Attacking a fire today is as much about computers and labs, as it is about hoses and shovels.

If firefighters are considered the James Bonds, the Double-Oh Operatives, in the war on wildfires, then the people working at the U.S. Forest Service’s Missoula Technology and Development Center are "Q", the dead-serious scientists who invent the gadgets used to beat the bad guys, or bad fires, as it were.

"This right here is actually a core temperature capsule,” says Joe Domitrovich, exercise physiologist with the Forest Service’s MTDC.   “And this is ingested by a wildland firefighter."

The capsule is swallowed and it sends, via blue-tooth, minute-by-minute body temperature readings.  Domitrovich now uses this and other devices to monitor how firefighters respond to their conditions. 

"Right now we're following a hot shot crew just outside of Fairbanks, Alaska,” says Joe Sol, another exercise physiologist with the USFS.

Sol compiles the data, “So we can go through and get caloric expenditure, then also see how they respond to an activity and how fast they can recover from that activity as well."

The “Joes” can then determine the types of workouts and diet the firefighters need.

Down the hall, Kevin Brown is testing a new type of repelling device, to replace the current one that would simply let a firefighter fall to his death should he lose consciousness during a helicopter drop.

"Whereas this one gives the opportunity to stop,” says Brown. “And gives someone else the opportunity to rescue you or at least get ahold of a handle again."

Bret Butler, a USFS Research Mechanical Engineer, stands in front of a relief map.

"And something happened that caused the winds to push the fire up this way, catching the firefighters working on this fire line,” says Butler. “And it killed ‘m."

Butler uses a 1994 Colorado fire that killed 14 firefighters as his example, and his motivation, to develop “Wind-Ninja.”

“At every drainage,” says Butler. “At every ridge top, almost around every tree, you can see what the wind is going to do."

“There'd be many different applications where that would be extremely useful,” says Kurt Rohrbach, a USFS Smokejumper.  He says on the fire line, information is key.

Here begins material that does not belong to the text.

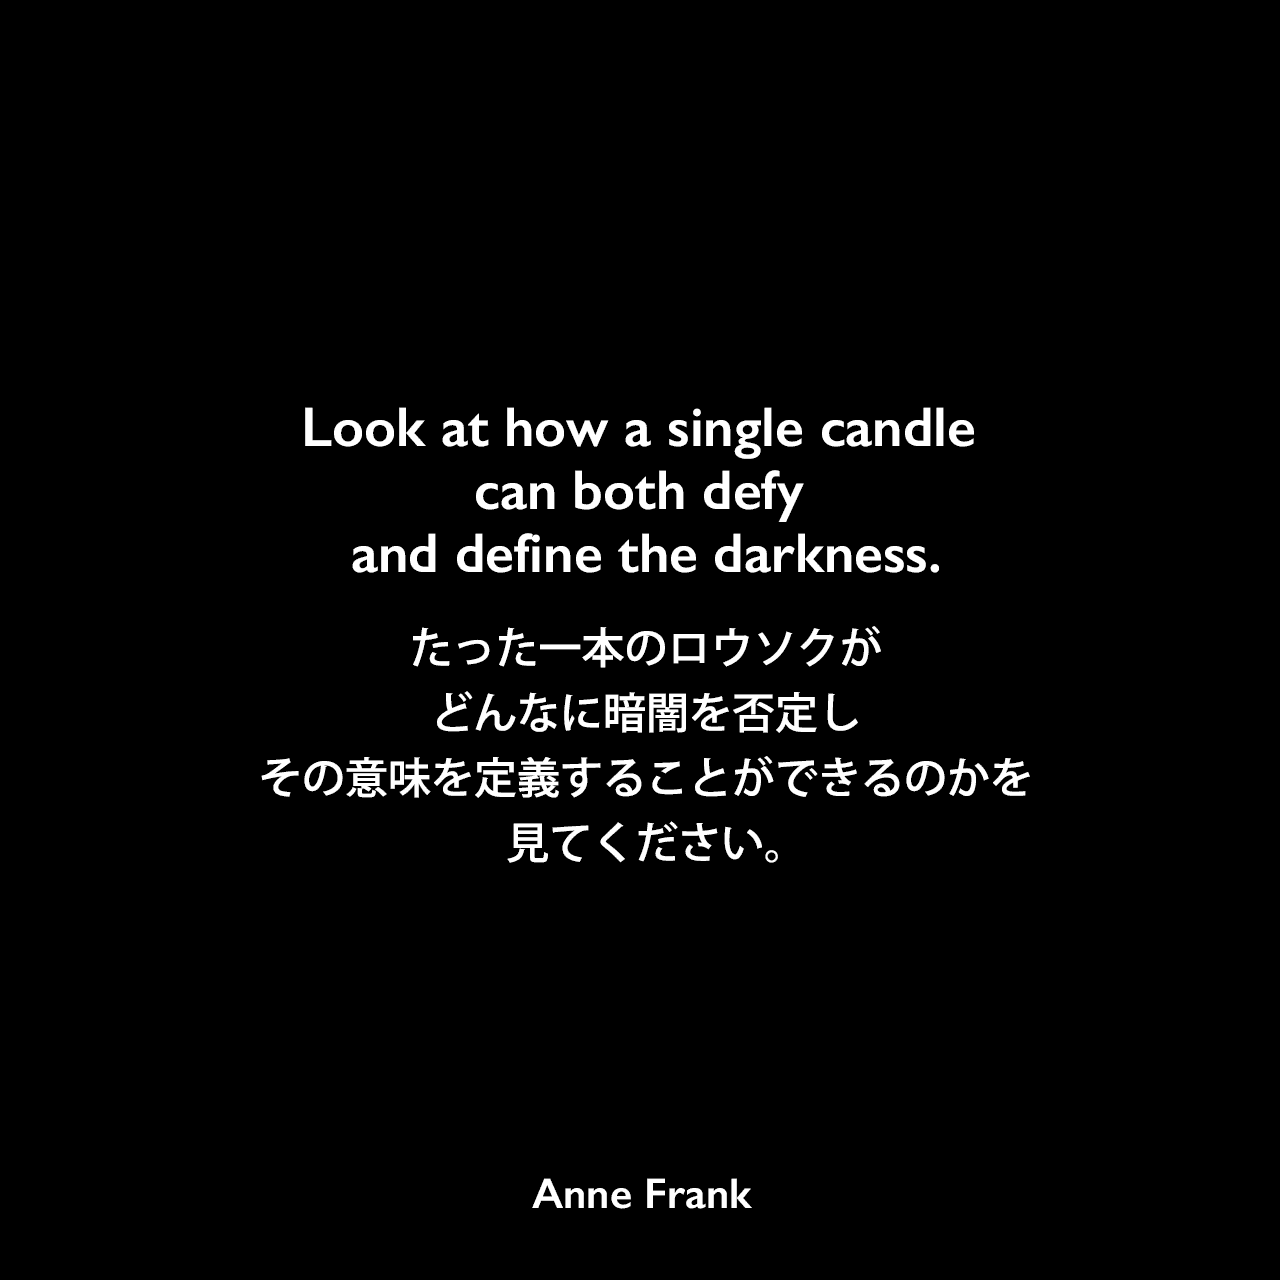 Look at how a single candle can both defy and define the darkness.たった一本のロウソクがどんなに暗闇を否定し、その意味を定義することができるのかを見てください。Anne Frank
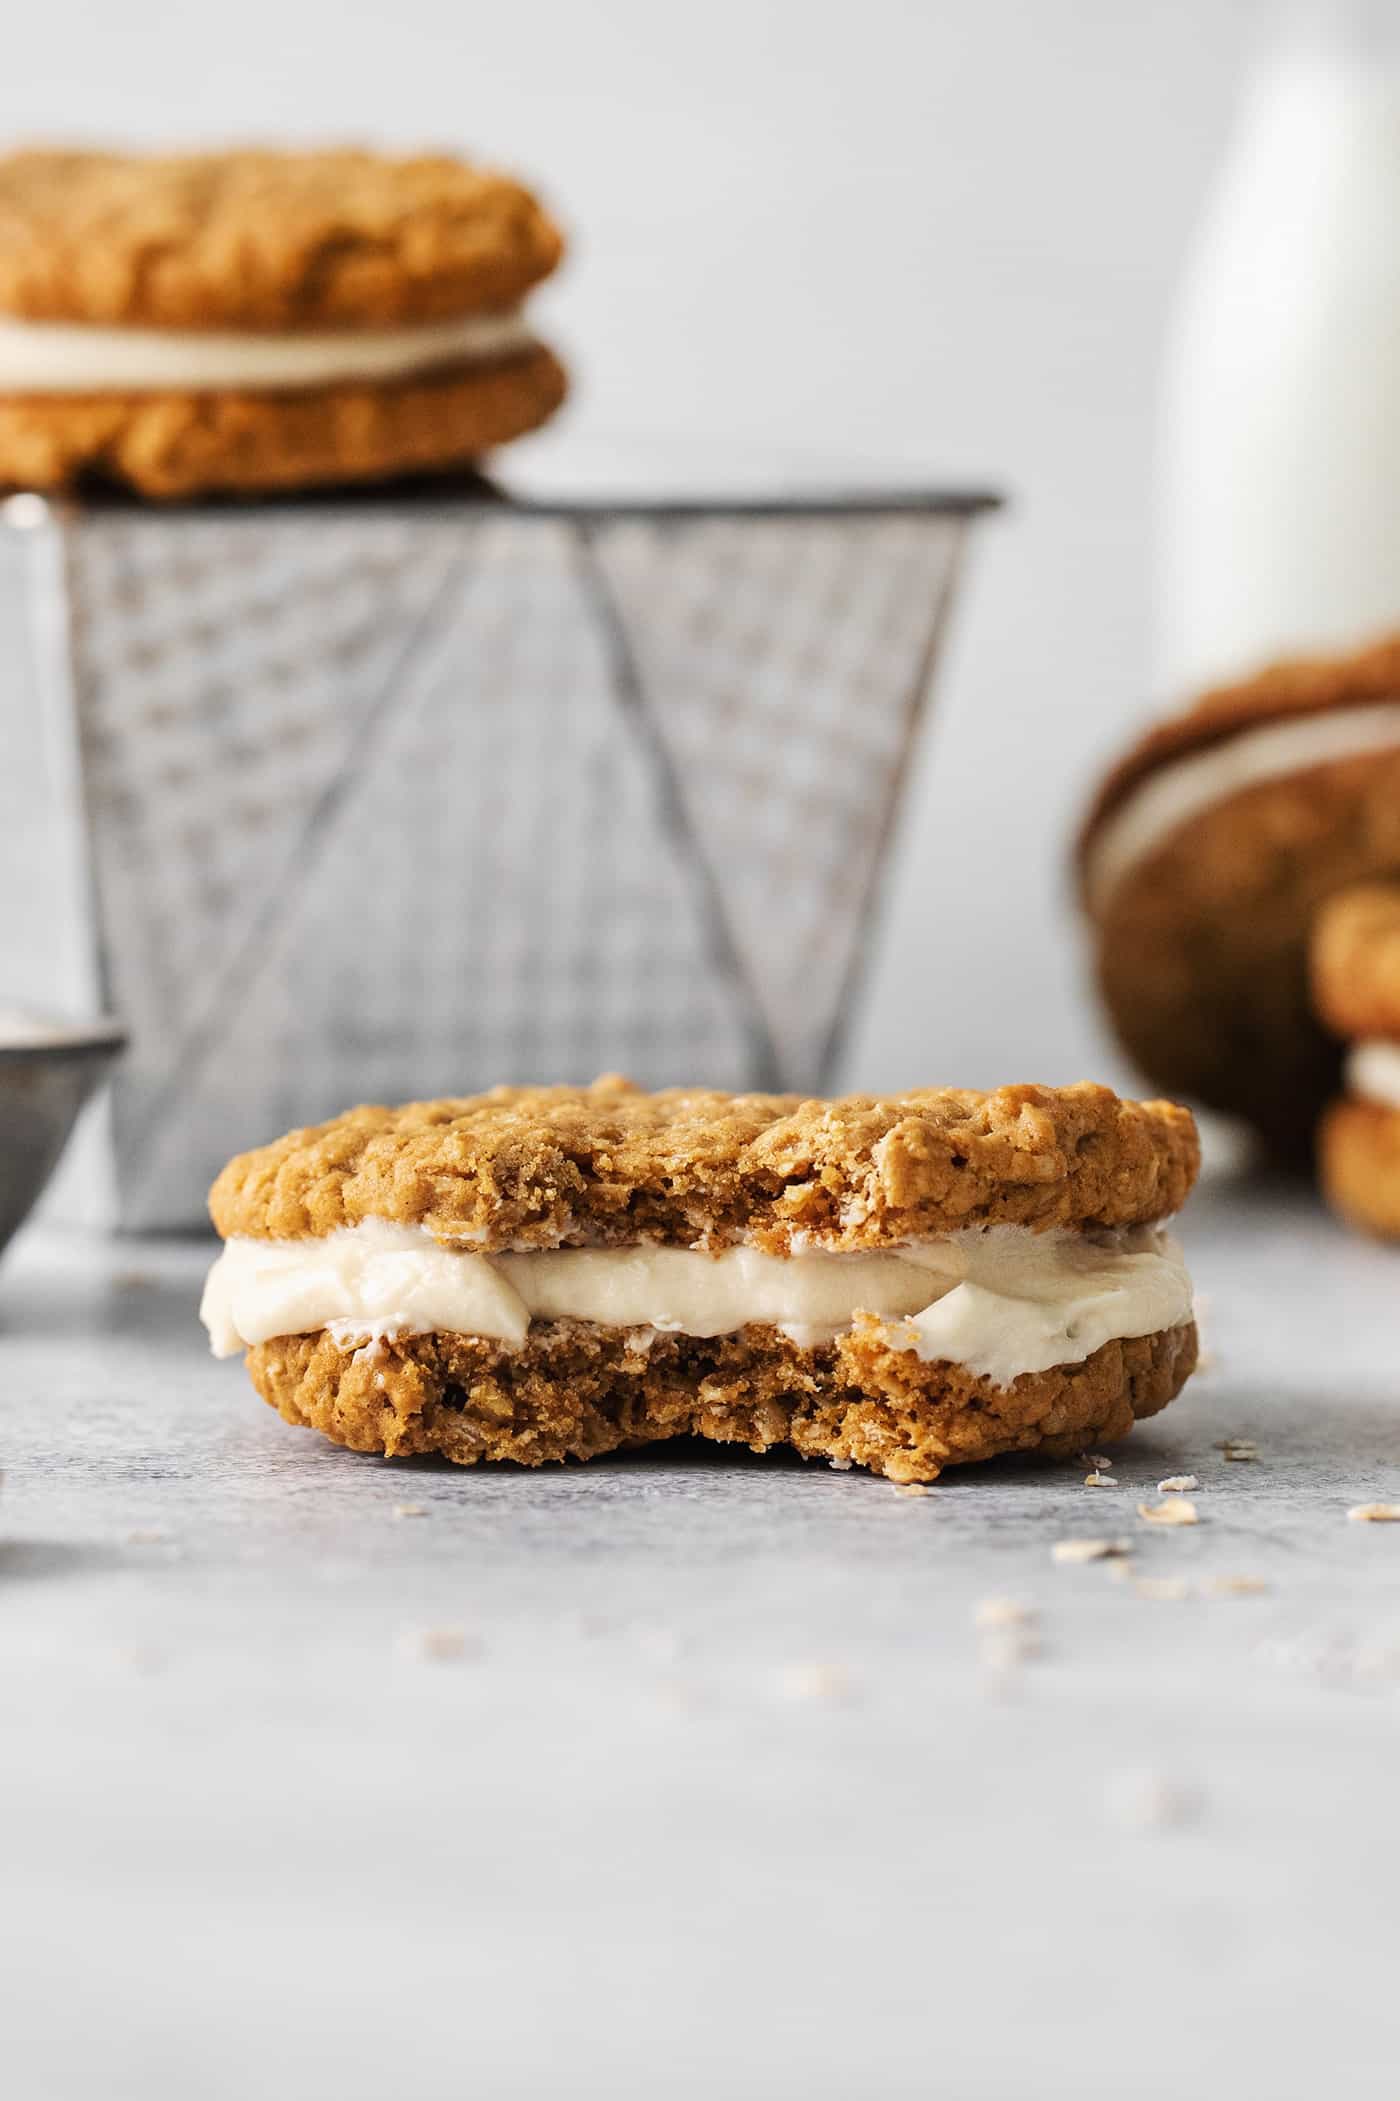 An oatmeal creme pie with a bite missing

"I’m glad,” says Rohrbach. “That we're focusing more time and energy on that technology.  I think that's going to help our organization grow and be able to fight fire more effectively and efficiently."

Like the robotic parachute Boyd Burtch, a Smokejumper and Loadmaster Foreman, is testing.  At night, or in heavy smoke, planes can't fly low enough to accurately drop supplies.  But these new GPS units will enable the firefighters to simply shove it out the side or the back of a plane, and then with precision accuracy it will land exactly where they want it to. This would replace the current method of delivery, which sometimes includes hauling-in the packs using horses.

“The horses would definitely take hours to get to some spot that we could fly to within 20 or 30 minutes,” says Burtch.

Moving firefighting from the 19th, to the 21st Century.

"Our work allows us to hopefully make decisions that can help bring them home safe to their families," says Joe Domitrovich.

The ultimate goal for the behind-the-scenes heroes, who help the heros on the front lines, the fire lines, keep the rest of us out of harm's way.

The next piece of technology the U.S. Forest Service is testing -- drones-- that can do re-con on a fire that's too difficult for regular aircraft.